Liquid biopsy is just as good as traditional tumor testing at identifying microsatellite instability (MSI), an important biomarker used to predict response to immunotherapy regardless of tumor type. That’s according to a validation study that included nearly 1,000 patients. Researchers incorporated pan-cancer MSI detection into the 74-gene panel Guardant 360 liquid biopsy assay. They identified MSI status with 98 percent accuracy compared to tissue testing across a variety of cancer types. The results were published today in Clinical Cancer Research, a journal of the American Association for Cancer Research.
The results are particularly important given the Food and Drug Administration’s 2017 tissue-agnostic approval of Merck’s ground-breaking immunotherapy drug, Keytruda (pembrolizumab), for patients with MSI-high tumors.
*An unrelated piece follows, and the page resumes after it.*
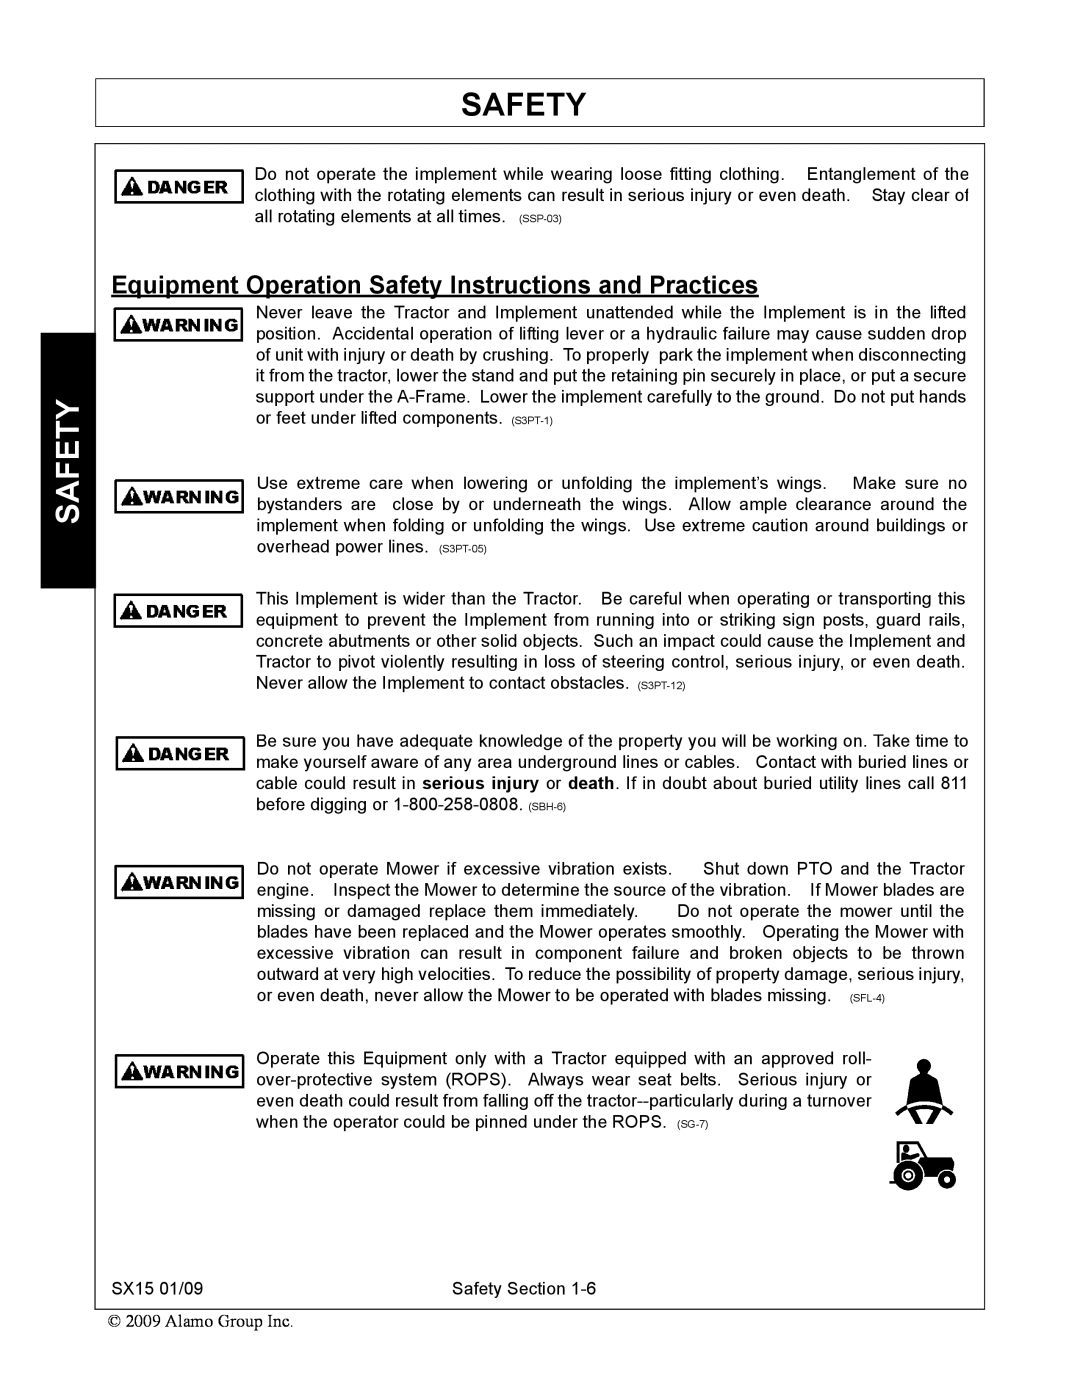 Alamo SX15 manual Equipment Operation Safety Instructions and Practices

Evaluation of MSI status, which is typically performed via tumor biopsy, is underutilized for several reasons, said co-author Scott Kopetz, M.D., Ph.D., associate professor of Gastrointestinal Medical Oncology at The University of Texas MD Anderson Cancer Center in a press release.
Lack of patient awareness, inherent invasiveness of traditional biopsy and a lack of routine genetic tumor profiling all contribute to the underutilization of MSI status. Liquid biopsy promises to change that.
“The addition of MSI detection into a routine, noninvasive sequencing panel following the diagnosis of metastatic cancer could direct clinicians to prescribe immunotherapy and provide patients with better outcomes,” Kopetz said. MSI-High tumors account for about 1 percent of tumors, those who could benefit from immunotherapy treatment are not being identified. “By adding MSI testing into a non-invasive screening panel, clinicians can routinely scan for this prognostic factor without ordering a separate test,” added Kopetz.
Immunotherapy is especially critical for patients with advanced cancer. “The addition of MSI detection increases the utility of the assay to direct clinicians beyond targeted therapies to include immunotherapies,” said co-author Martina Lefterova, MD, PhD, in the press release. Leferova is laboratory director and medical director at Guardant Health in Redwood City, California. The results show, she said, that the guardant 360 test “can deliver valid MSI-high results that can be used to guide treatment planning for patients with advanced cancer,”
To validate the addition of MSI detection to the assay, researchersperformed pan-cancer MSI detection using Guardant360 was analytically validated according to established guidelines and clinically validated using 1,145 cfDNA samples for which tissue MSI status based on standard-of-care tissue testing was available.Out of 949 patients that could be evaluated, cfDNA testing accurately detected 87 percent (71/82) of tissue MSI-High and 99.5 percent of tissue microsatellite stable (863/867) for an overall accuracy of 98 percent (934/949) and a positive predictive value of 95% (71/75).
Researchers also validated the clinical relevance of cfDNA-based MSI detection by reporting the clinical outcomes of immunotherapy in 16 MSI-High gastric cancer patients. They found 63 percent (10/16) of patients achieved complete or partial remission with sustained clinical benefit.
The validation of Guardant360’s MSI detection methods is an important achievement in the development of liquid biopsy technology. Chromosomal positions most often associated with MSI are made up of highly repetitive genomic sequences. Because circulating tumor DNA (ctDNA) fragments are generally much shorter than tissue-derived tumor DNA, accurately mapping these fragments to the genome required innovations in panel design, DNA capture, and bioinformatics analysis.
“Millions of microsatellites exist throughout the genome, but most of them are poorly suited for blood-based clinical genomic analysis,” Kopetz explained. “These results show that a carefully designed panel, combined with efficient DNA-capture biochemistry, and sophisticated bioinformatics tools allow for accurate, sensitive MSI detection.”